(Exercise aim):
With pictures excluded, give again exactly the lines running from the one holding "Слева направо: Chateau" through the end of the listing below.

(Data):

Start of Block

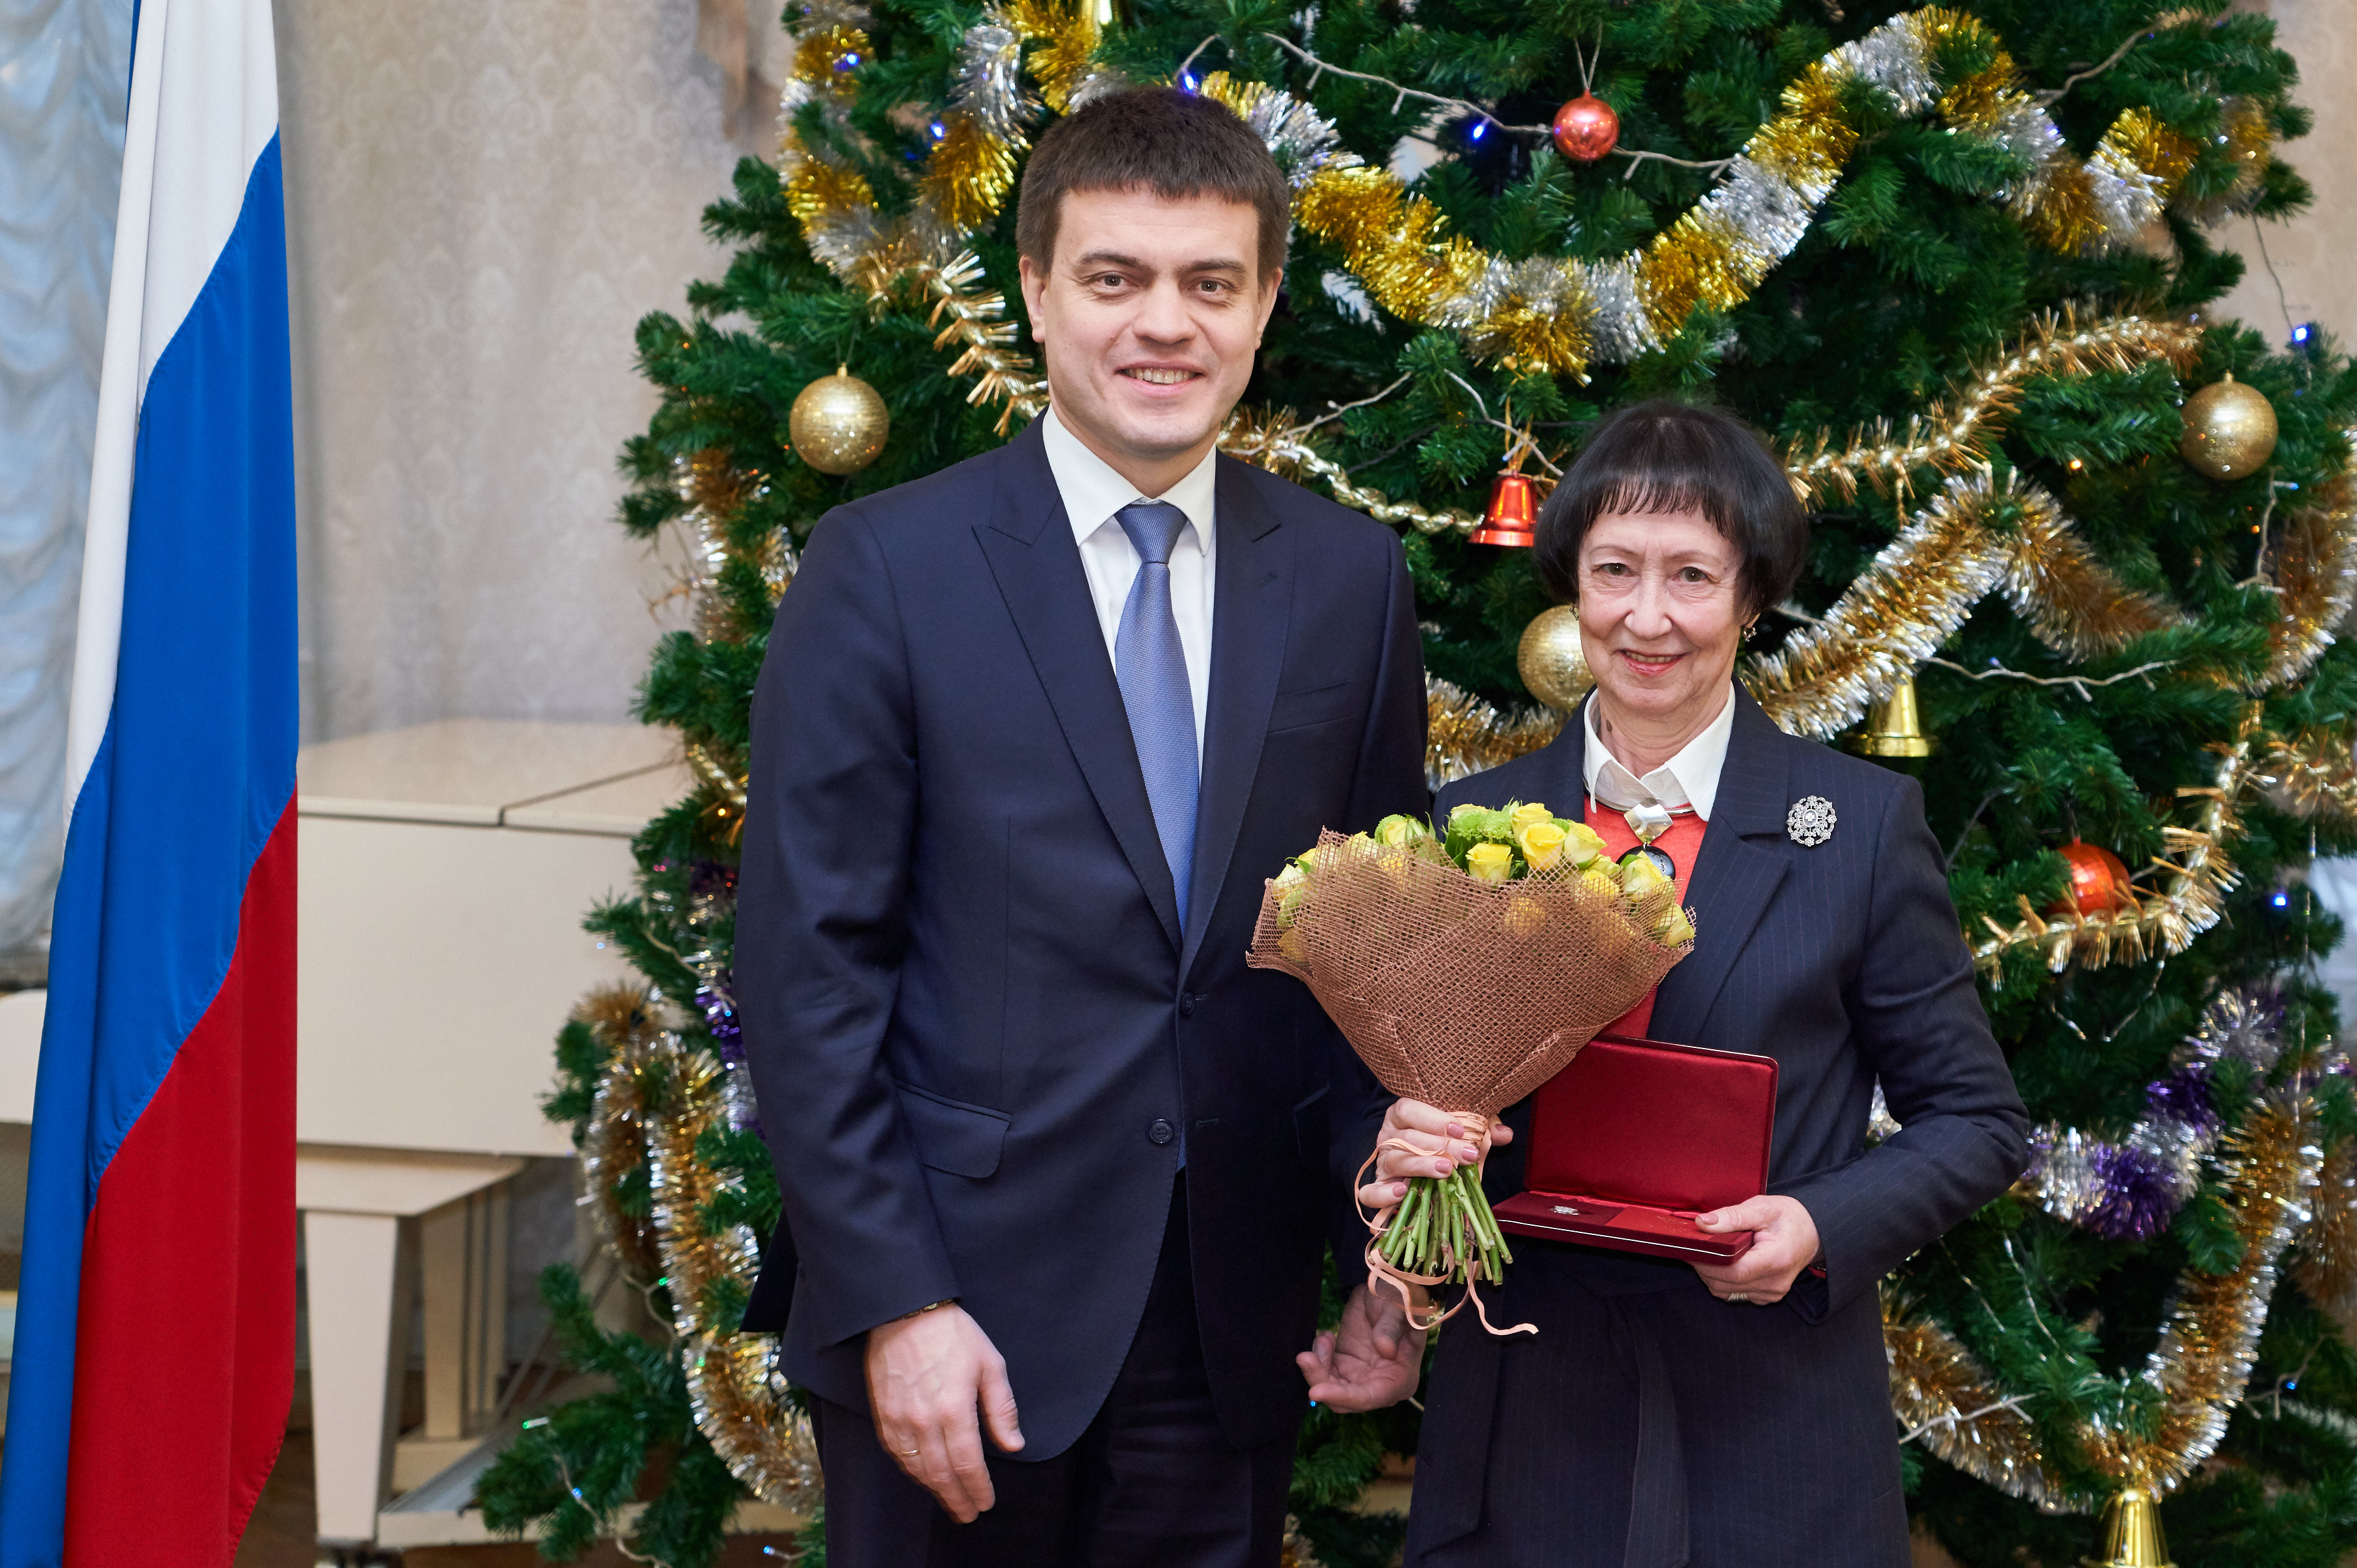 Элеоноре Кольцовой присвоено почетное звание «Заслуженный работник высшей школы Российской Федерации»
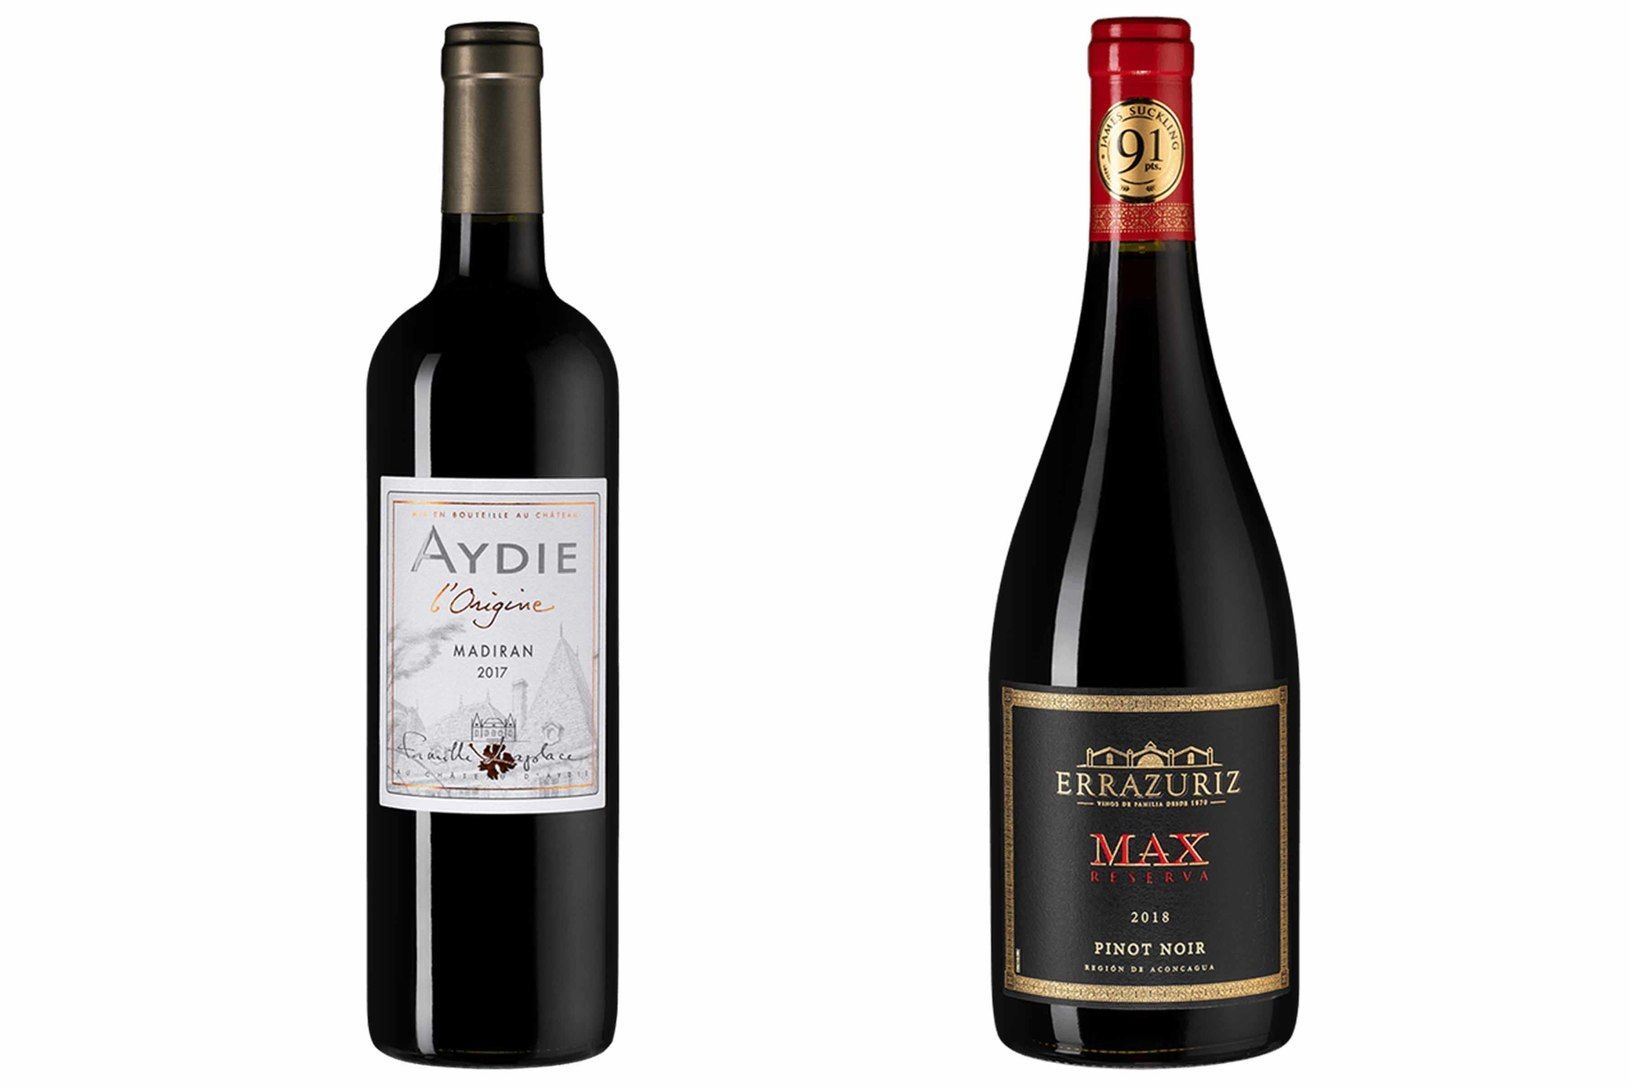 Слева направо: Chateau d'Aydie Aydie l'Origine 2017; Errazuriz Max Reserva Pinot Noir 2018
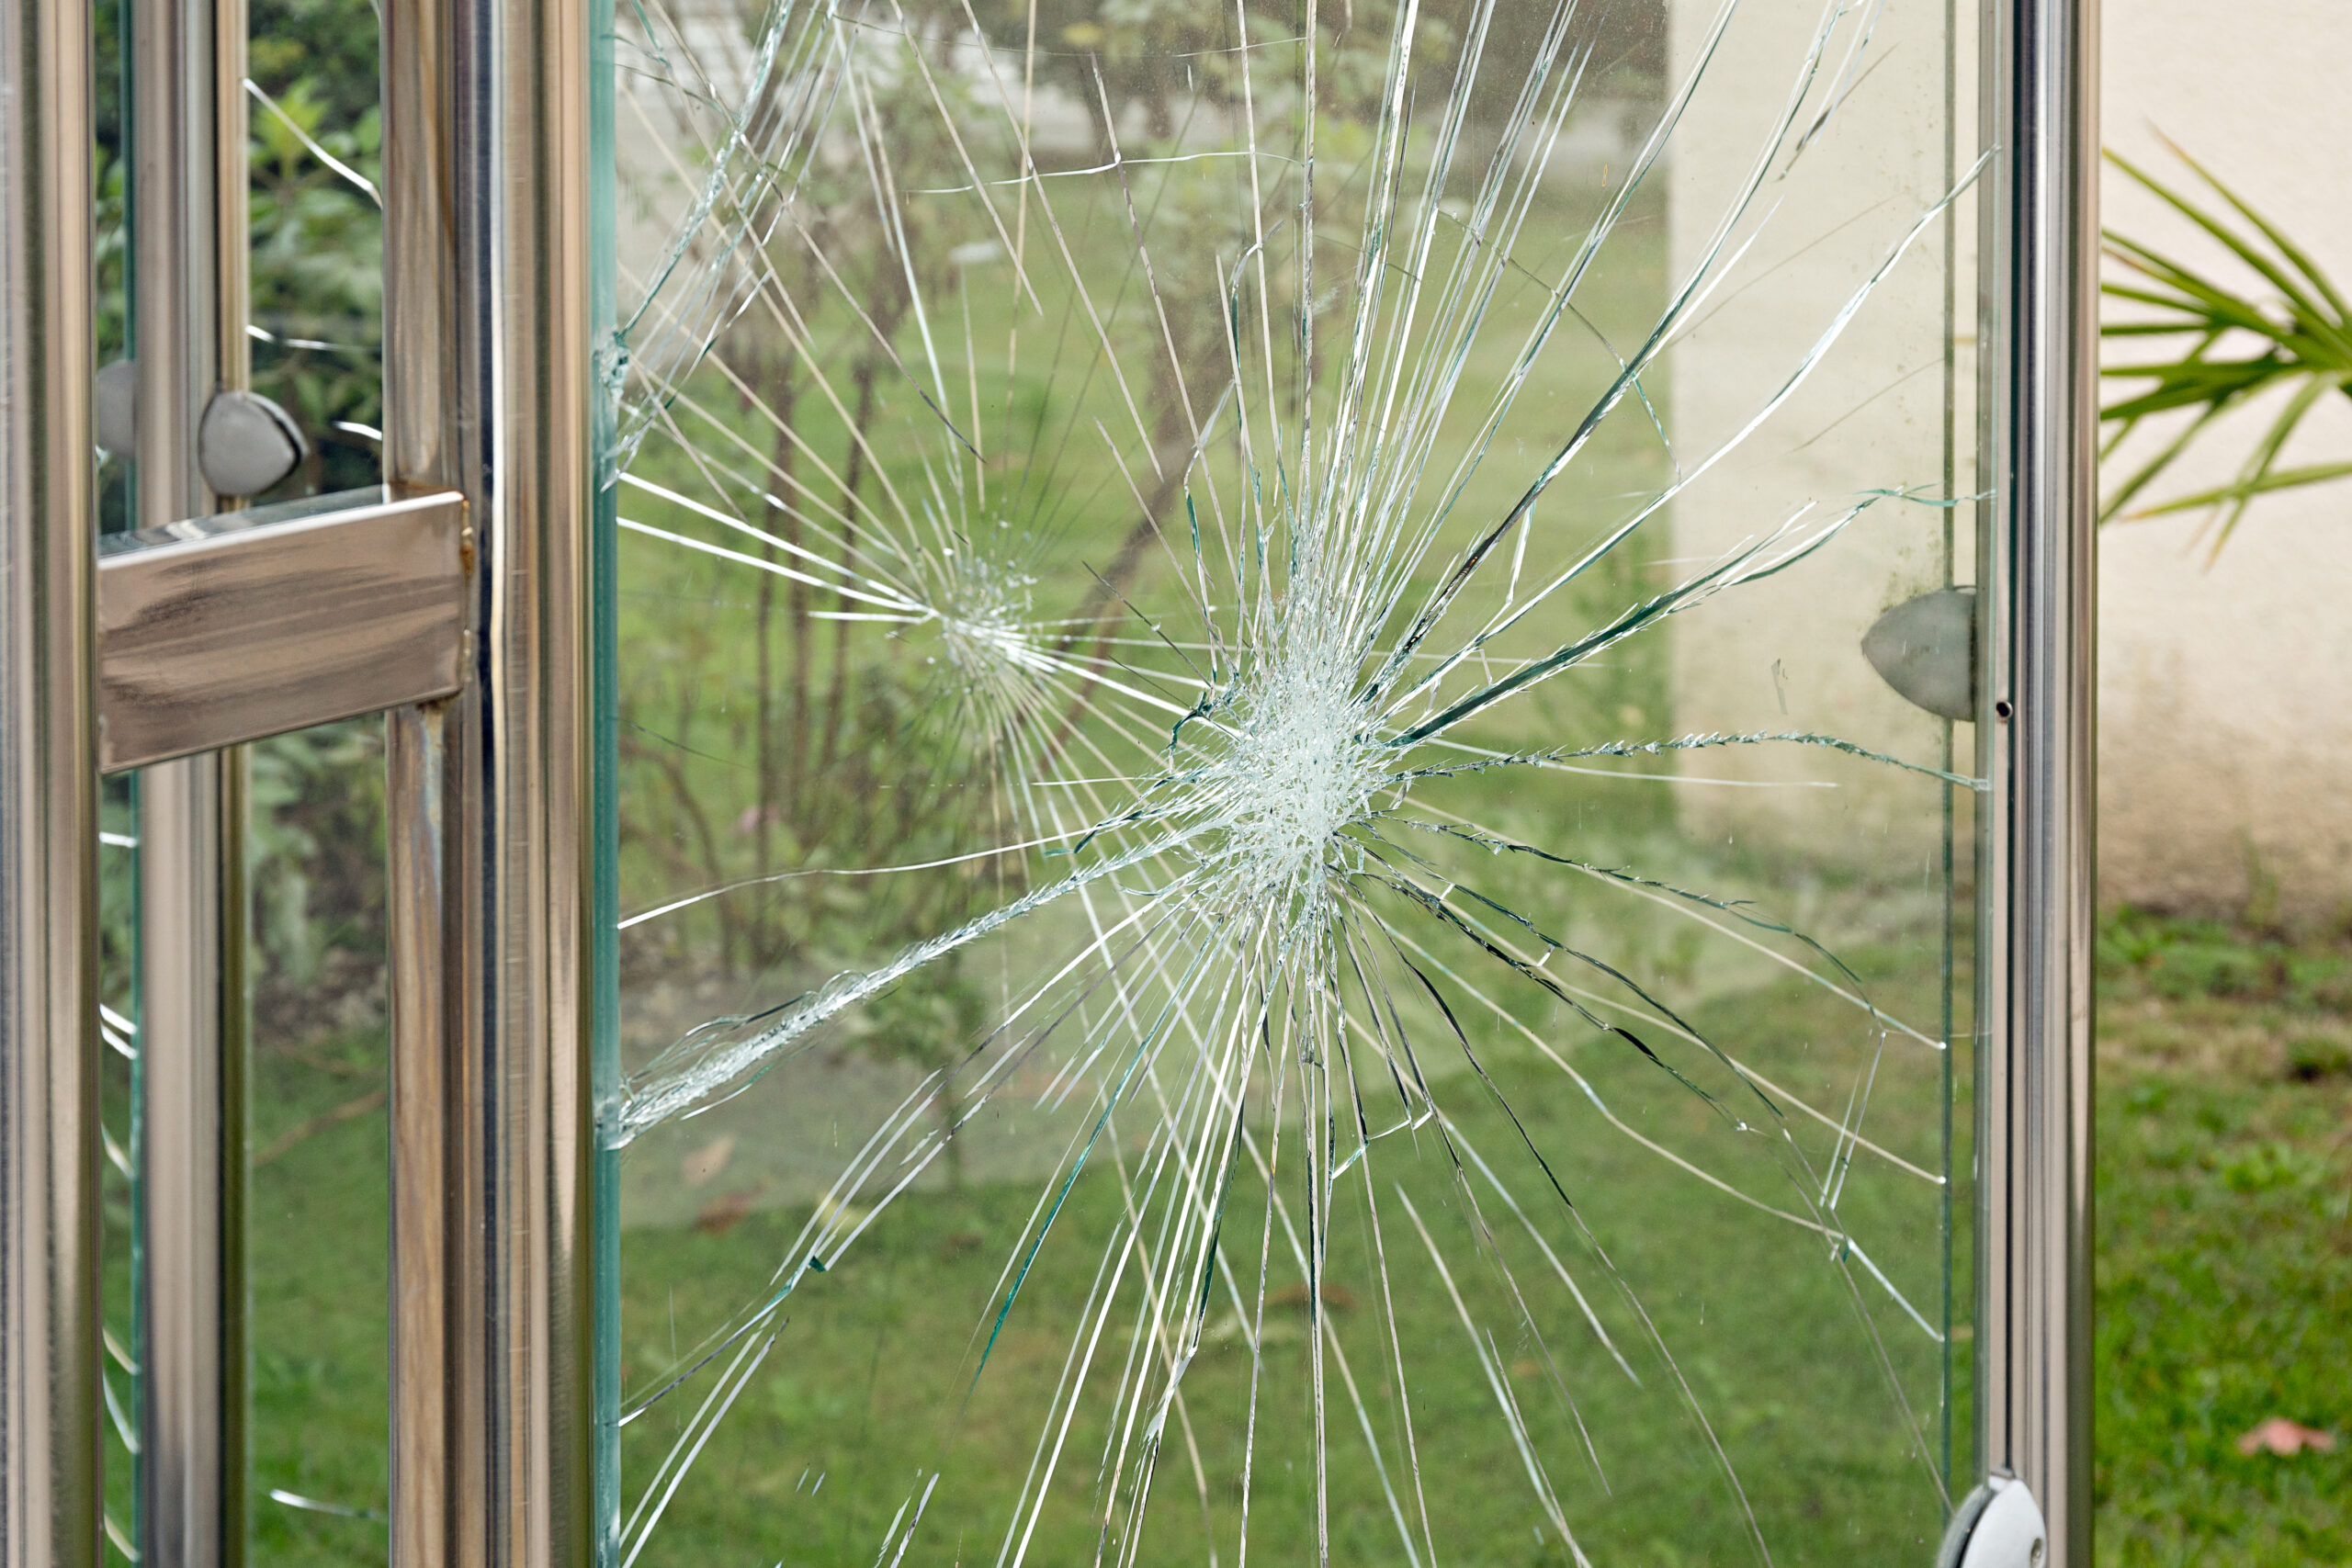 Broken glass social problems

End of Block

(Response):
 Слева направо: Chateau d'Aydie Aydie l'Origine 2017; Errazuriz Max Reserva Pinot Noir 2018
 Broken glass social problems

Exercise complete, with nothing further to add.